See [installation guide](docs/installation.md) for:
- Quick setup with uv/pip
- Optional performance optimization (Rust/fd)
- Verification and troubleshooting

## Documentation

- **[Installation Guide](docs/installation.md)** - Setup and optimization
- **[Backend Architecture](docs/backends.md)** - How the multi-backend system works
- **[Advanced Usage](docs/advanced-usage.md)** - DataFrame analysis, pattern matching, backend control
- **[Performance Benchmarks](docs/benchmarks.md)** - Detailed performance analysis and methodology

## Project Structure

```
src/filoma/
├── core/          # Backend integrations (fd, Rust)
├── directories/   # Directory analysis with 3 backends
├── files/         # File profiling and metadata
└── images/        # Image analysis (.tif, .png, .npy, .zarr)
```

## License

Shield: [![CC BY 4.0][cc-by-shield]][cc-by]
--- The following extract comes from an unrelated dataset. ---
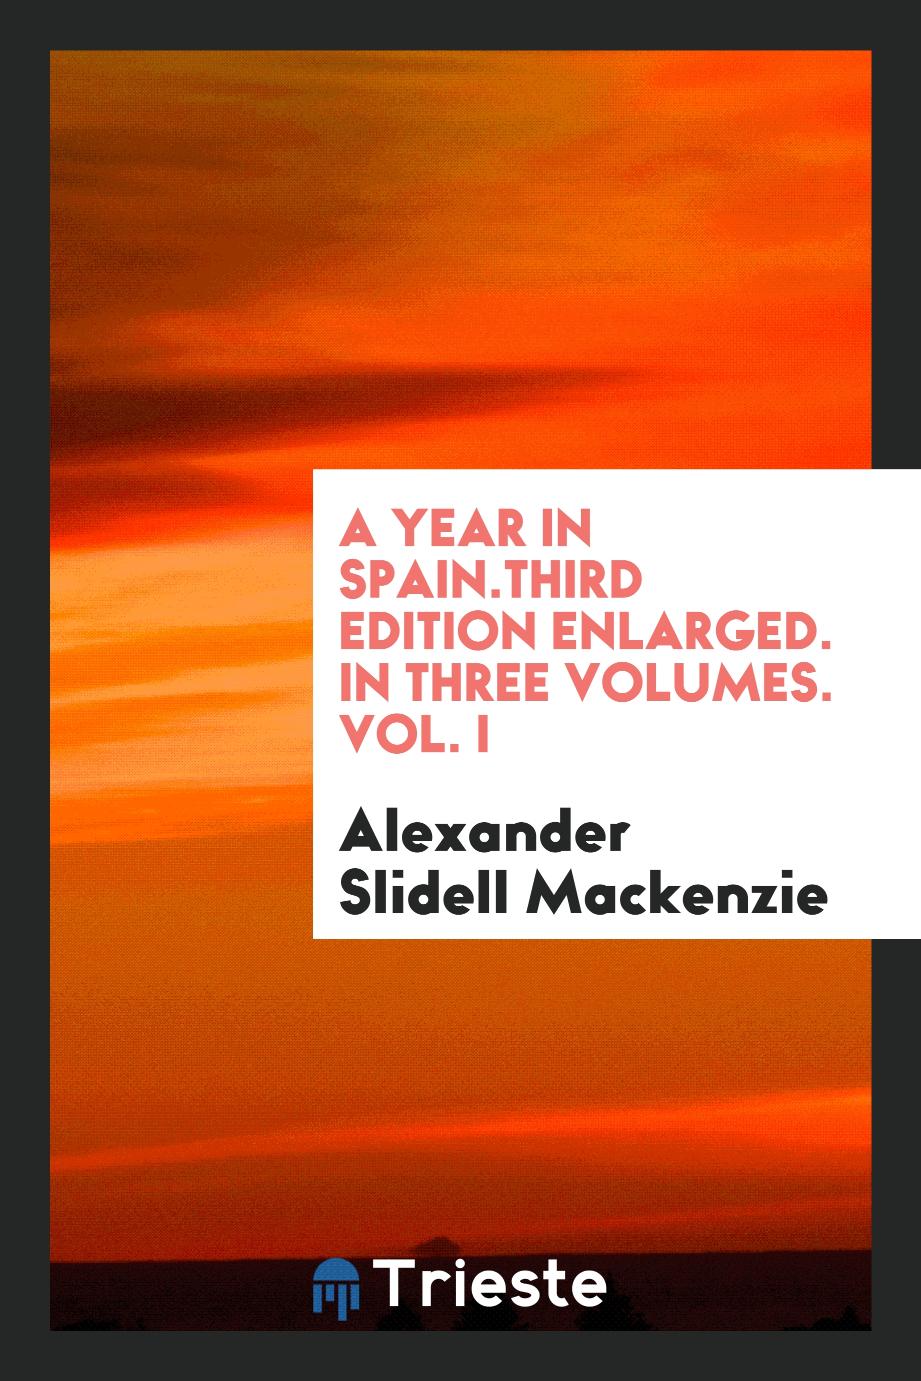 A year in Spain.Third edition enlarged. In three volumes. Vol. I
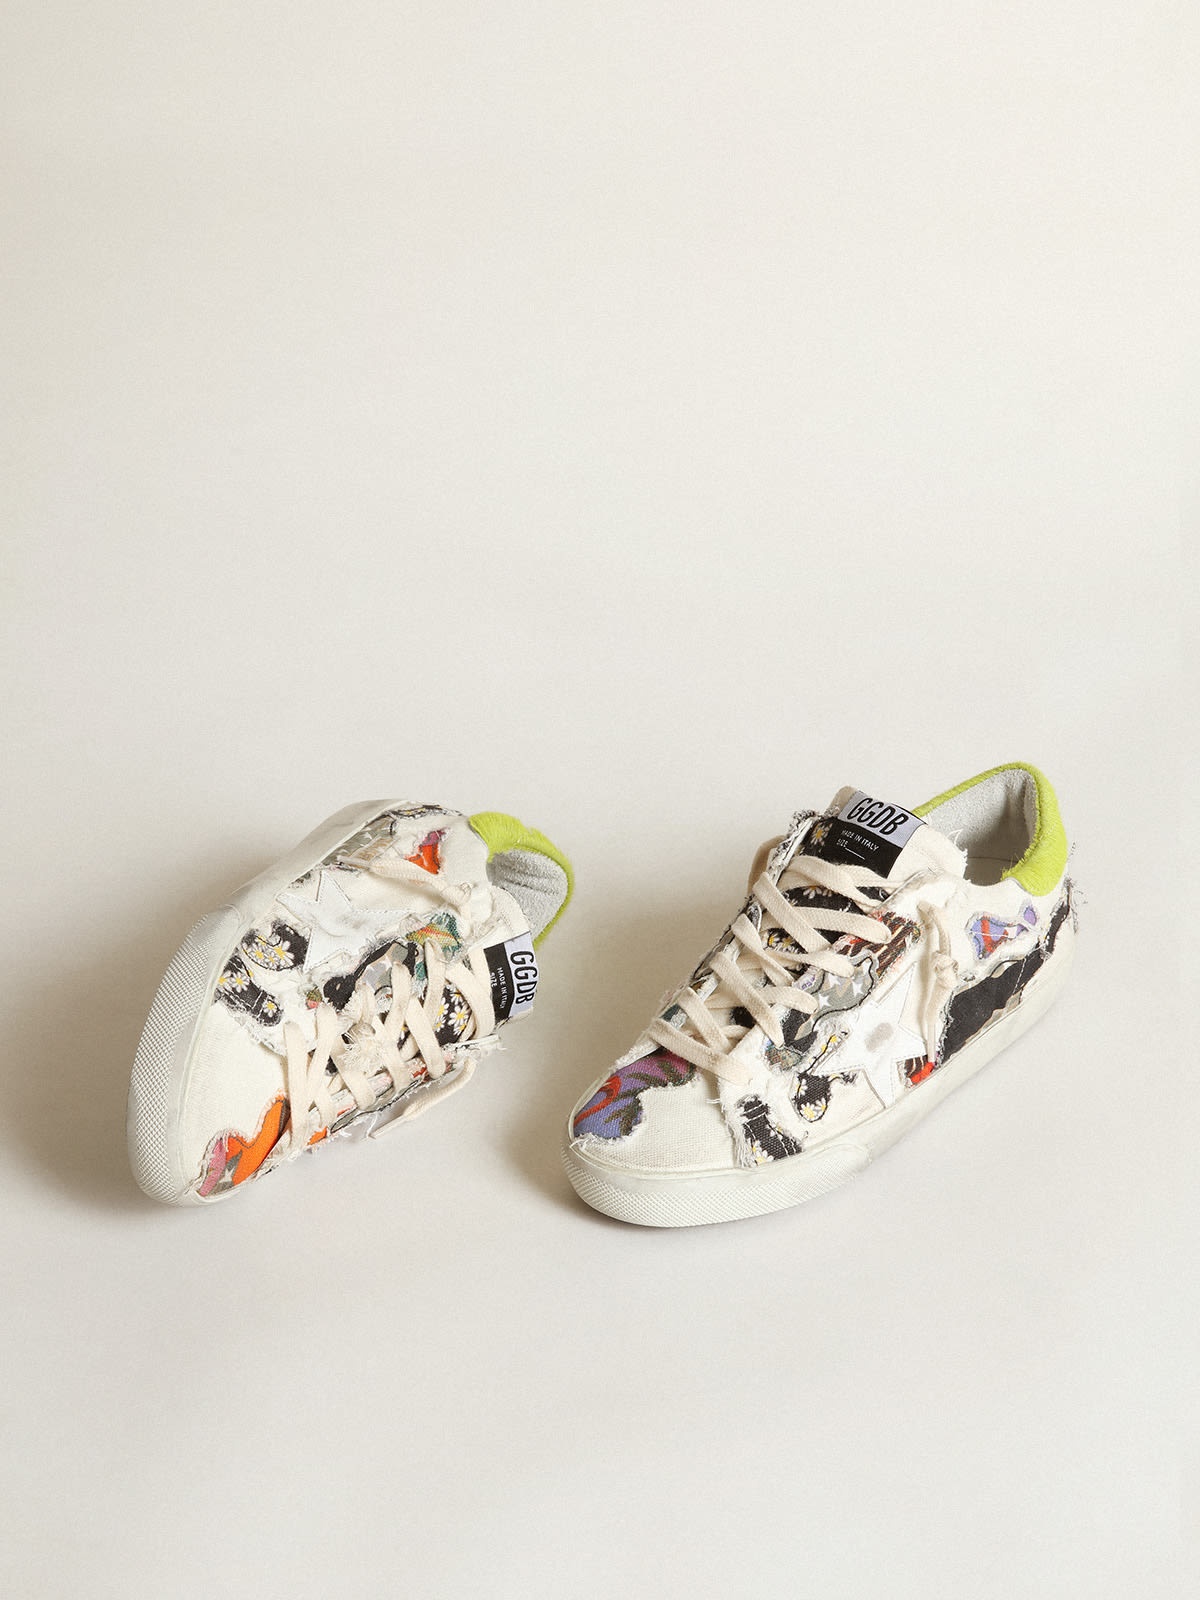 Women’s Super-Star LAB with multicolored prints and white leather star - 2

This work is licensed under a
[Creative Commons Attribution 4.0 International License][cc-by].

[![CC BY 4.0][cc-by-image]][cc-by]

[cc-by]: http://creativecommons.org/licenses/by/4.0/
[cc-by-image]: https://i.creativecommons.org/l/by/4.0/88x31.png
[cc-by-shield]: https://img.shields.io/badge/License-CC%20BY%204.0-lightgrey.svg

## Contributing

Contributions welcome! Please check the [issues](https://github.com/kalfasyan/filoma/issues) for planned features and bug reports.

---

**filoma** - Fast, multi-backend file and directory analysis for Python.